A federal judge in Boston issued a preliminary injunction in a lawsuit filed to stop the U.S. Department of Homeland Security from terminating a Biden-era parole program (CHNV Parole) that was used to facilitate the illegal entry of more than 531,000 citizens from Cuba, Haiti, Nicaragua and Venezuela into the U.S.
Eleven CHNV noncitizens, seven sponsors, the organizing plaintiff, Haitian Bridge Alliance, and the Justice Action Center sued. The plaintiffs are currently living in California, Georgia, Nebraska, Massachusetts, New York and Wisconsin, according to the lawsuit.
They sued after CHNV parolees received a notice through their U.S. Citizenship and Immigration Services online account notifying them that their parole was being revoked. A similar notice was sent to nearly one million released into the U.S. through a Biden-era CBP One phone app, The Center Square reported.
On March 25, DHS published a notification in the Federal Register that effective immediately, it was terminating the CHNV parole program and those without a lawful basis to remain in the U.S. were ordered to self-deport.
DHS also said it “intends to remove promptly aliens who entered the United States under the CHNV parole programs who do not depart the United States before their parole termination date and do not have any lawful basis to remain in the United States. DHS retains its discretion to commence enforcement action against any alien at any time, including during the 30-day waiting period created by this notice.”
CHNV parole status is slated to end April 24.
After a hearing was held last week in a U.S. District Court in Massachusetts, Judge Indira Talwani issued a preliminary injunction Monday halting DHS’s parole revocation, arguing it wasn’t done on a case-by-case basis. The Trump administration, and state attorneys general who sued to end the parole program during the Biden administration, argued it and other Biden parole programs were unlawful because they facilitated the illegal entry of millions of inadmissible foreign nationals en masse instead of assessing actual humanitarian claims on a case-by-case basis under specific circumstances.
Talwani also stayed all individual notices sent to noncitizens that their CHNV parole was revoked pending further court order. The Trump administration is appealing the ruling.

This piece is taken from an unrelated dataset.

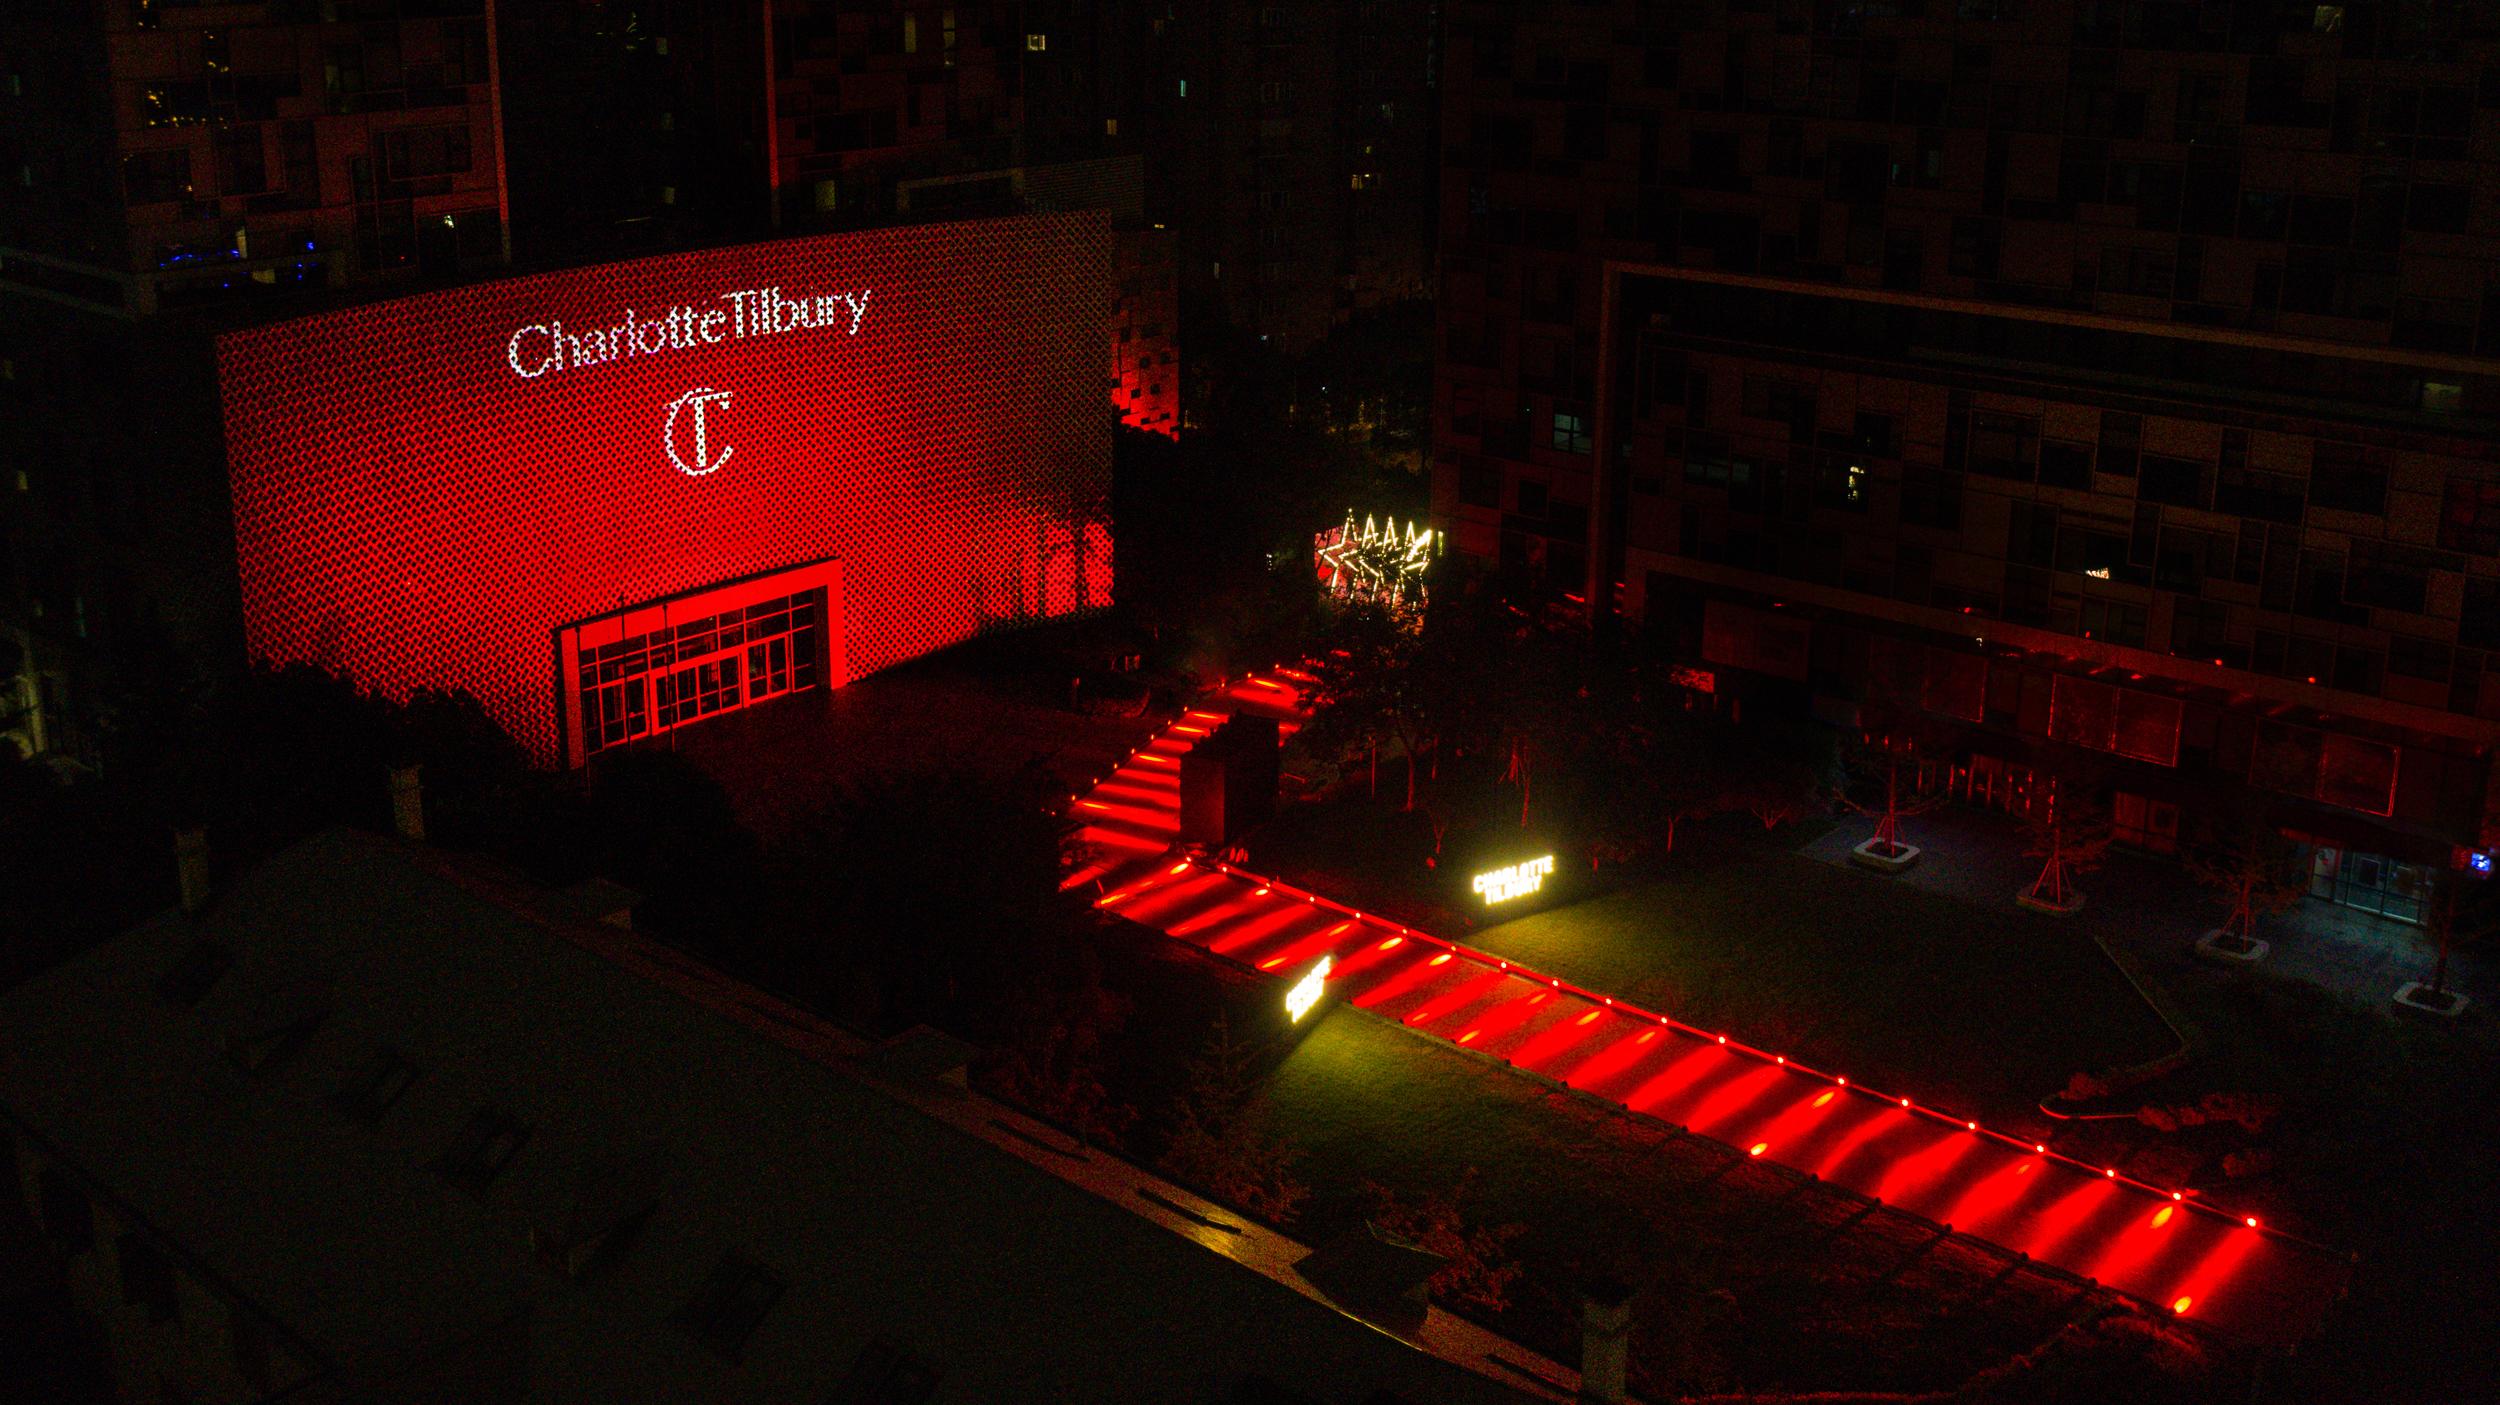 CHARLOTTE TILBURY携手全球彩妆代言人汤唯和刘昊然 宣布品牌正式进驻中国大陆插图

The CHNV parole program was among more than a dozen identified by House Republicans as illegal and used as evidence to impeach former DHS Secretary Alejandro Mayorkas. After the Biden administration reversed Trump-era policies and Mayorkas directed federal employees to not enforce some aspects of federal immigration law, record numbers of foreign nationals began illegally entering the country, totaling more than 14 million, The Center Square exclusively reported, including two million who evaded capture.
Biden and Mayorkas implemented what they called a “lawful, safe and orderly means of traveling to the United States” through the parole programs and through hundreds of commercial international flights funded by the U.S. taxpayer, The Center Square reported. DHS claimed those being admitted to the U.S. were vetted for national security and public safety reasons, which numerous inspector general reports and congressional investigations found to be untrue.
While Mayorkas claimed the parole process would lower illegal border crossings, more than three million illegally entered the U.S. or attempted illegal entry from CHNV countries, The Center Square exclusively reported. They totaled more than the population of 20 individual U.S. states.
More than one million were from Venezuela, including members of the terrorist organization Tren de Aragua, whose criminal activity has been confirmed in at least 22 states, The Center Square exclusively reported. The Trump administration is prioritizing finding and removing TdA members as well as others it’s designated as members of foreign terrorist organizations.
Talwani argued that it is not “in the public interest to summarily declare that hundreds of thousands of individuals are no longer considered lawfully present in the country.”
The Trump administration argues they were never lawfully present in the U.S. and pose a danger to society and drain on public resources. As the border crisis worsened, multiple Democratic governors and mayors called on the Biden administration for financial assistance, and received it, in response to local resources being drained and law enforcement overwhelmed by violent crimes directly tied to CHNV parolees. Multiple reports revealed how Mayorkas’ parole programs enabled violent crimes to be committed against Americans, The Center Square reported.